_REQUIRED ACTION_.
Reproduce the entries exactly and omit the pictures.

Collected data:

=== Begin Enclosure ===

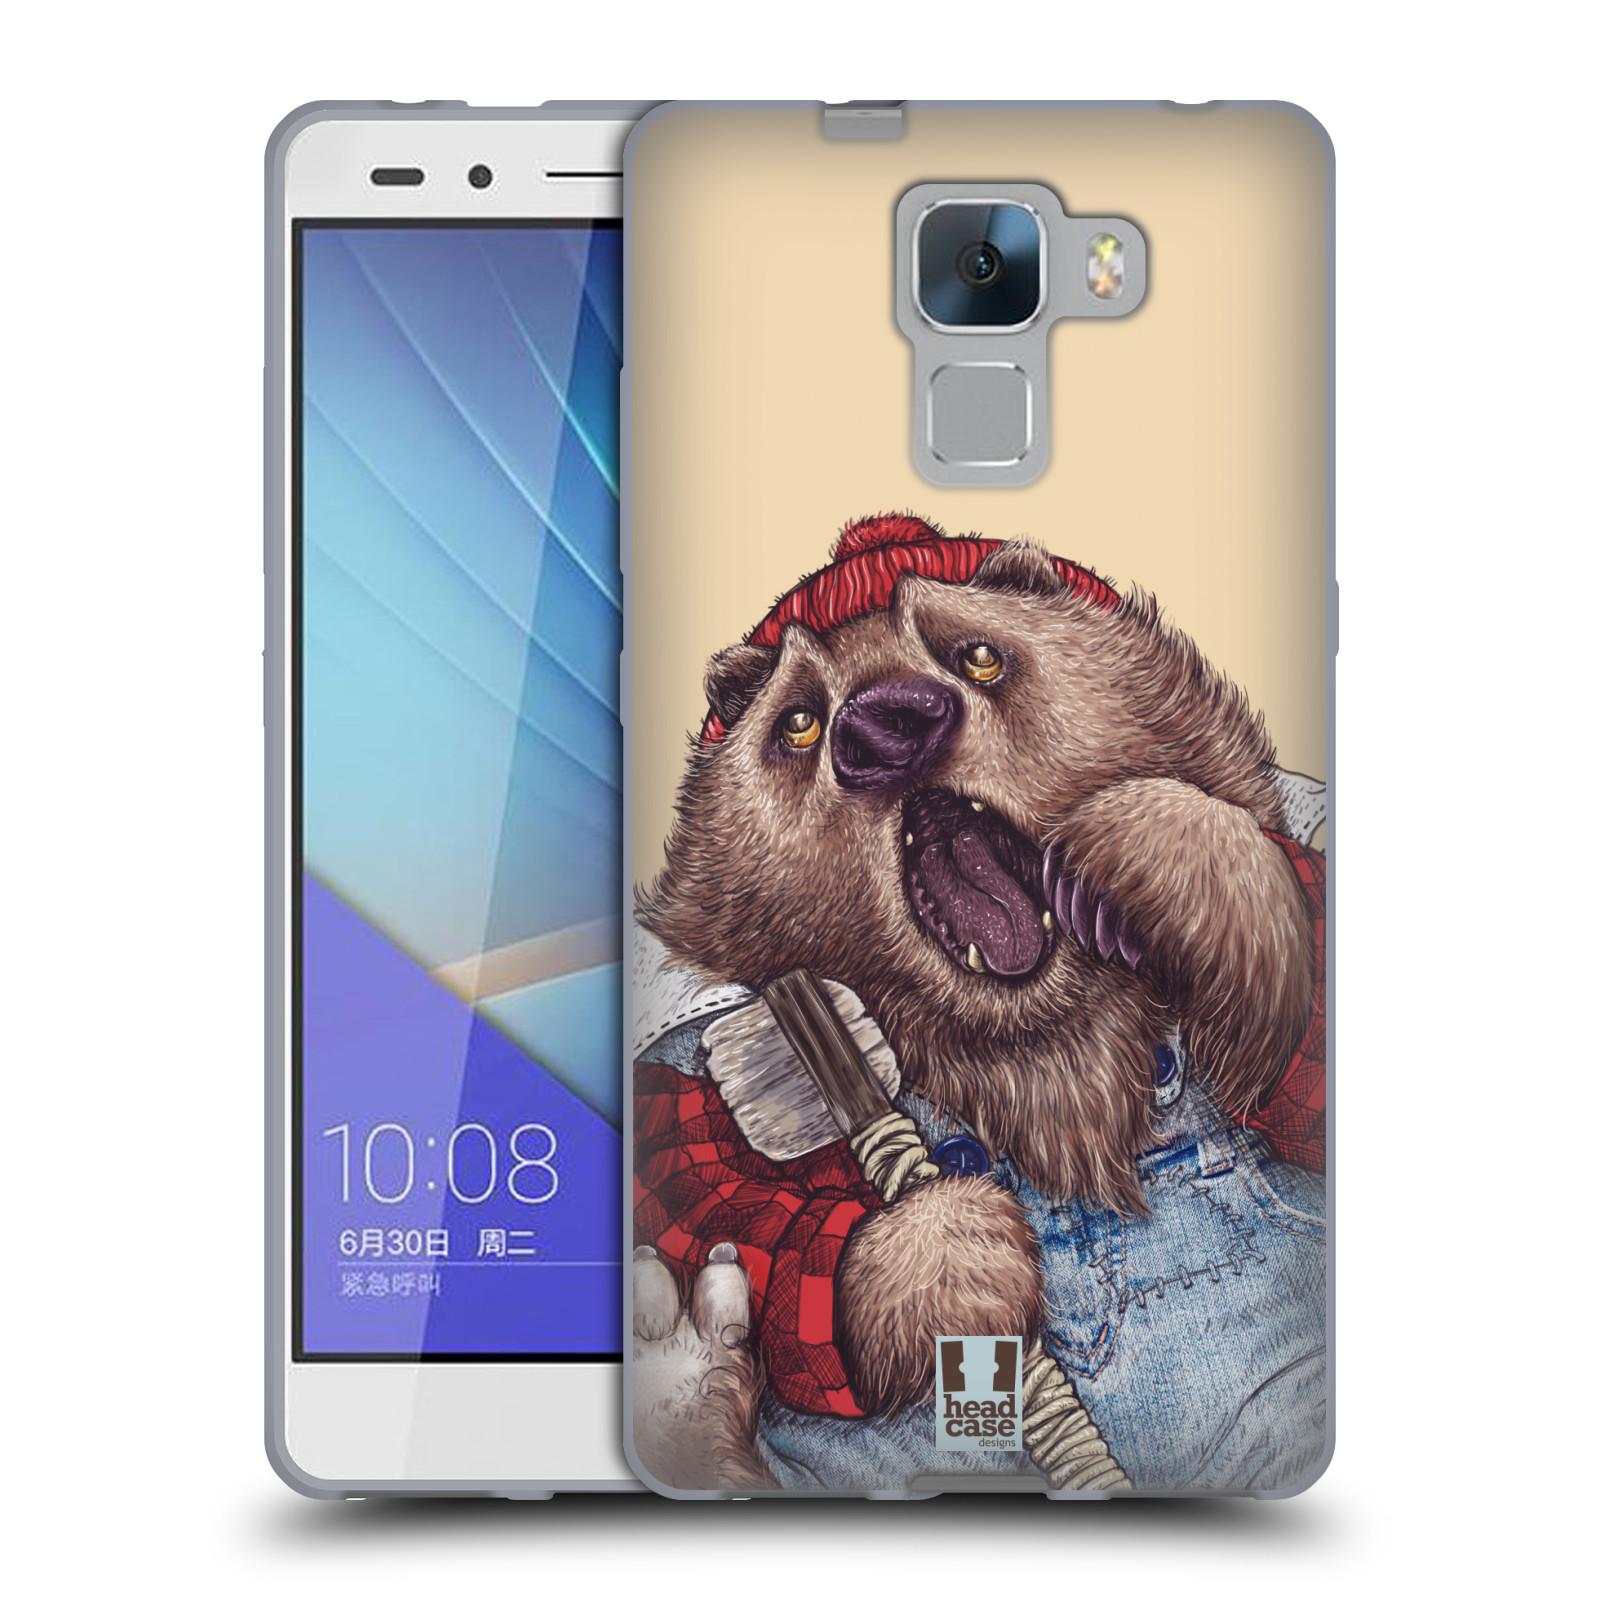 HEAD CASE silikonový obal na mobil HUAWEI HONOR 7 vzor Kreslená zvířátka medvěd
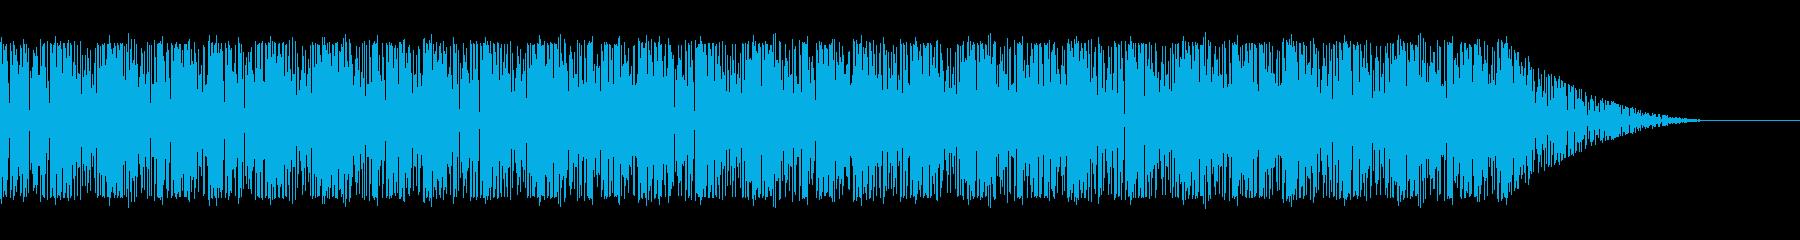 サイバーパンクな雰囲気がかっこいいループの再生済みの波形
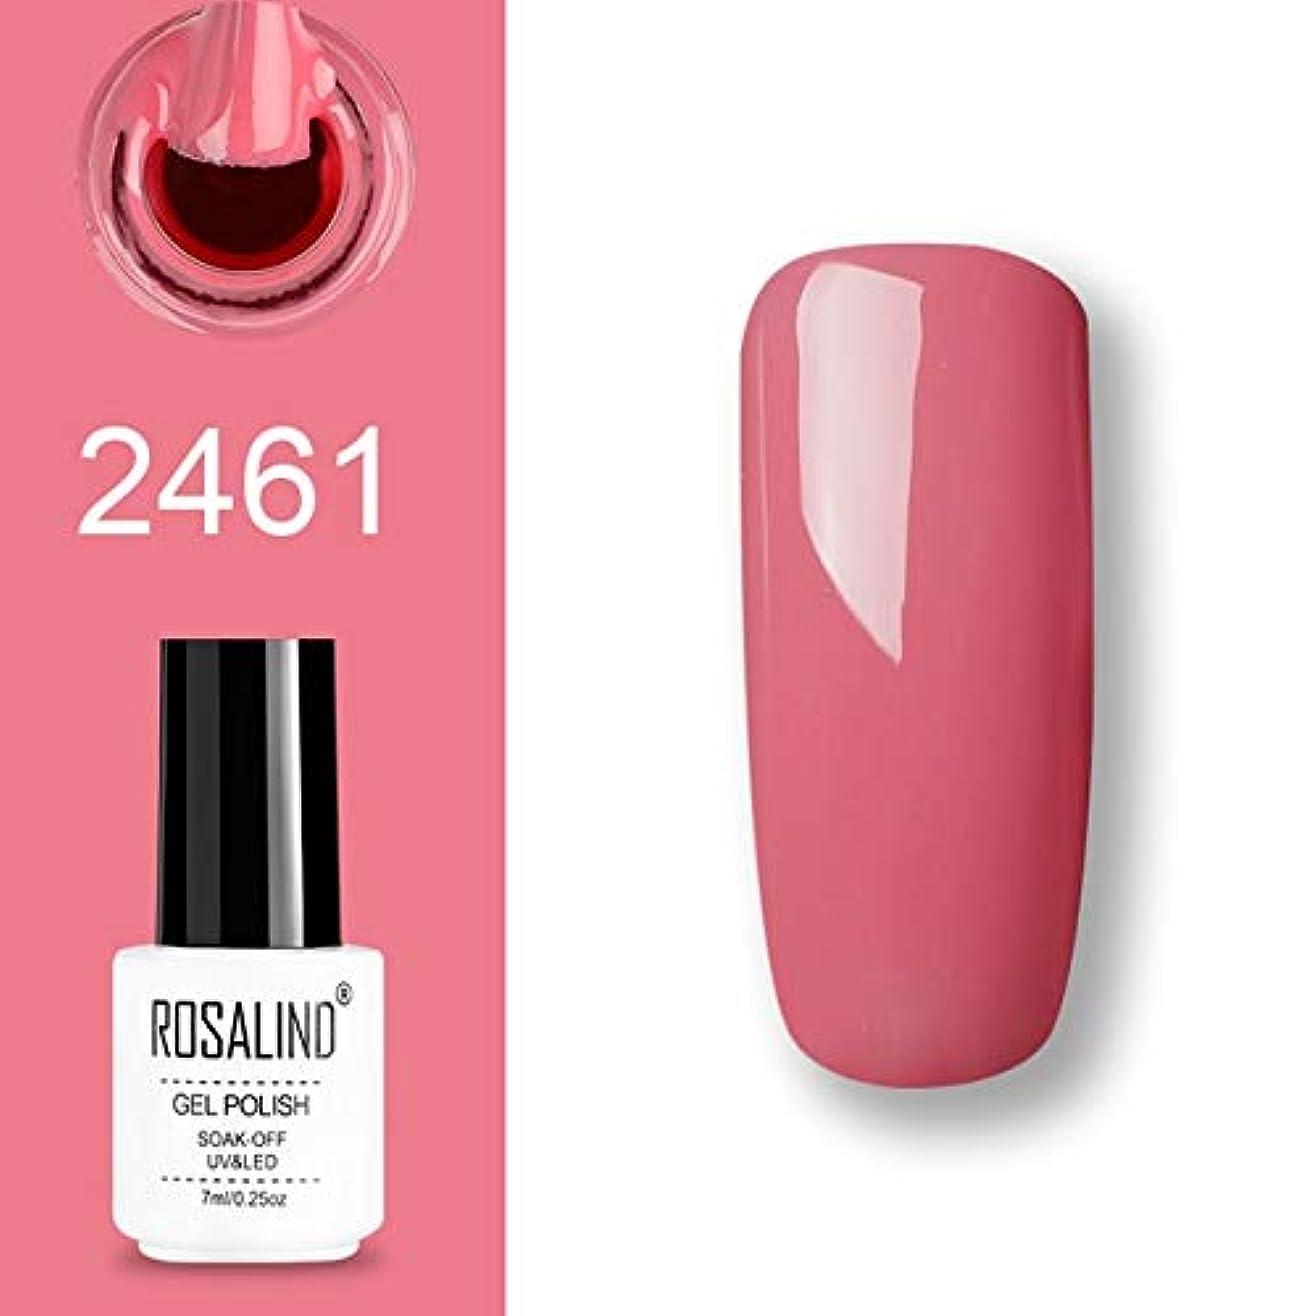 ブランク配列不公平ファッションアイテム ROSALINDジェルポリッシュセットUVセミパーマネントプライマートップコートポリジェルニスネイルアートマニキュアジェル、ピンク、容量:7ml 2461。 環境に優しいマニキュア
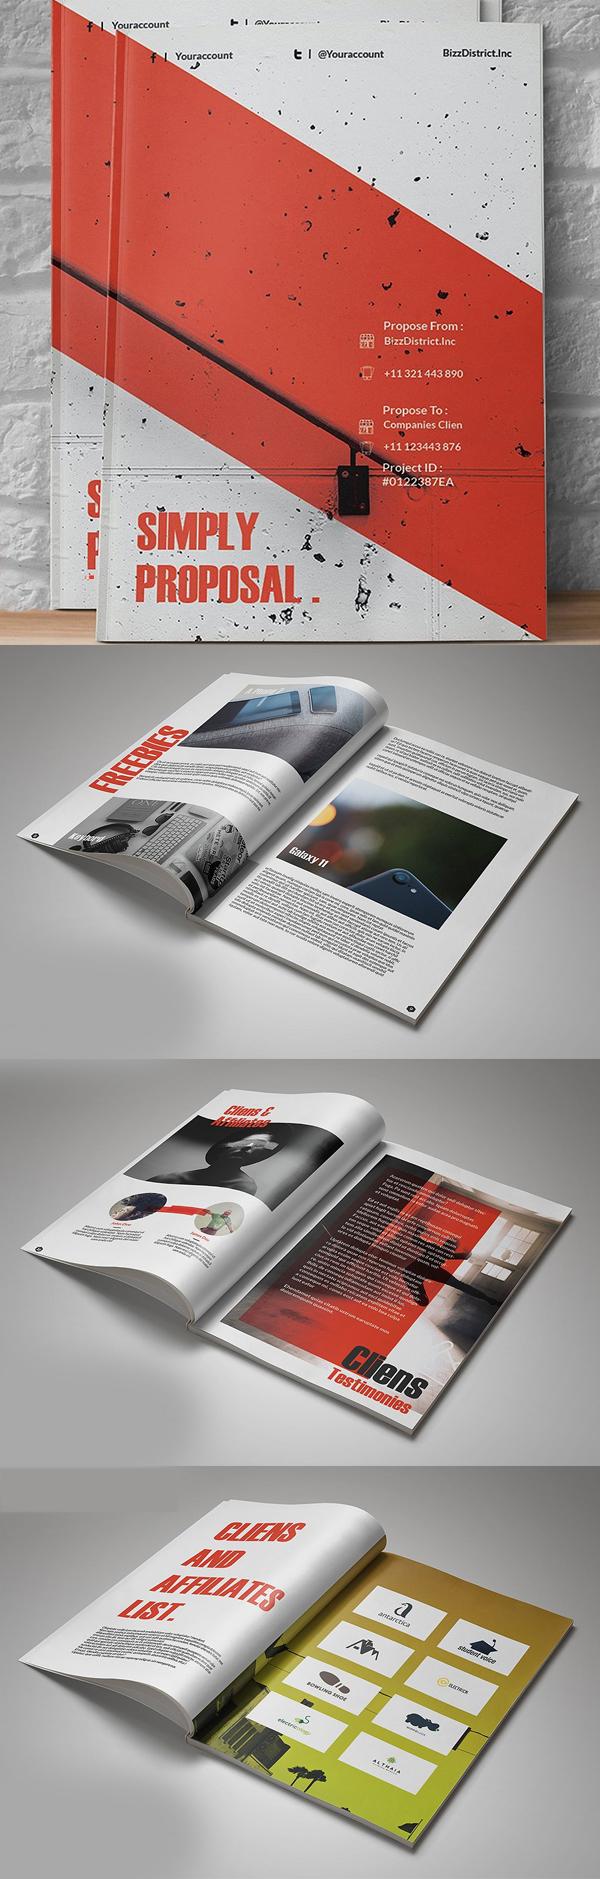 Diseño de mockups de propuesta de negocio profesional - 12
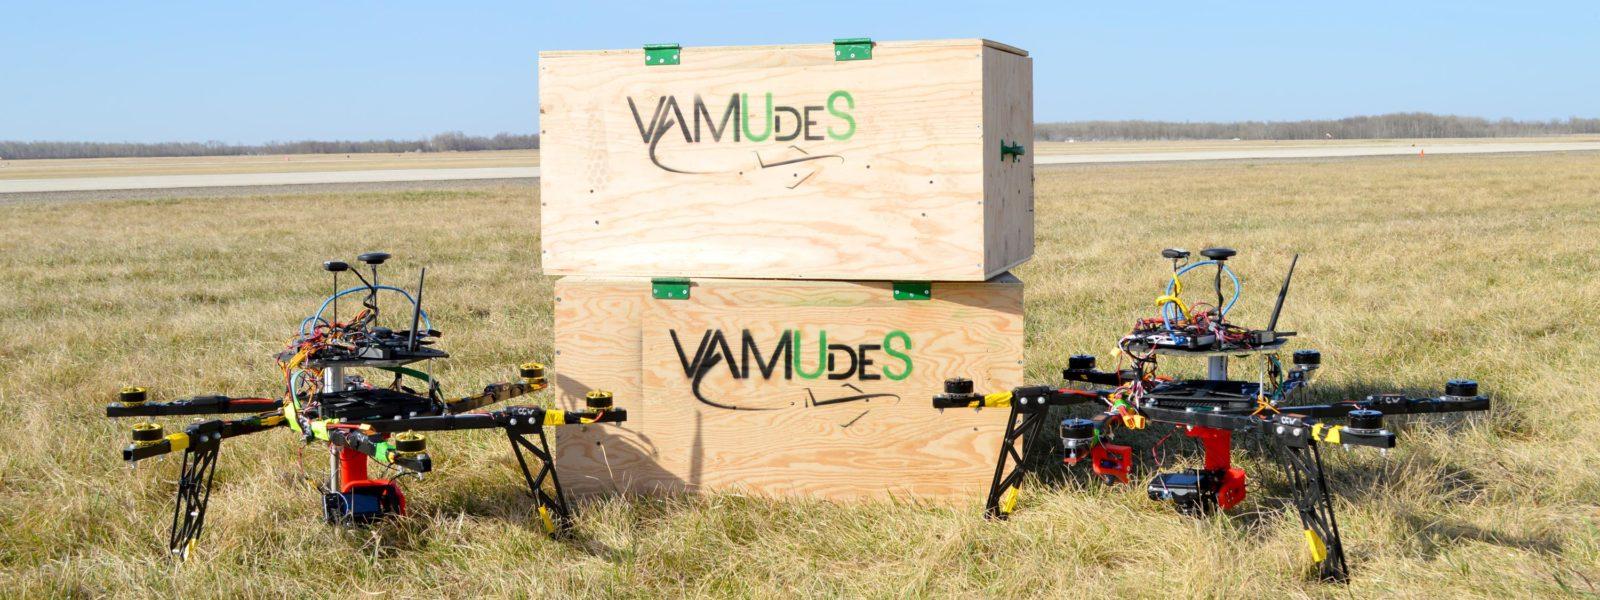 VAMUdeS conçoit son nouvel hexacoptère, Orion

=== End Enclosure ===

_REPLY TO THE TASK_.
 HEAD CASE silikonový obal na mobil HUAWEI HONOR 7 vzor Kreslená zvířátka medvěd
 サイバーパンクな雰囲気がかっこいいループの再生済みの波形
 ブランク配列不公平ファッションアイテム ROSALINDジェルポリッシュセットUVセミパーマネントプライマートップコートポリジェルニスネイルアートマニキュアジェル、ピンク、容量:7ml 2461。 環境に優しいマニキュア
 Diseño de mockups de propuesta de negocio profesional - 12
 VAMUdeS conçoit son nouvel hexacoptère, Orion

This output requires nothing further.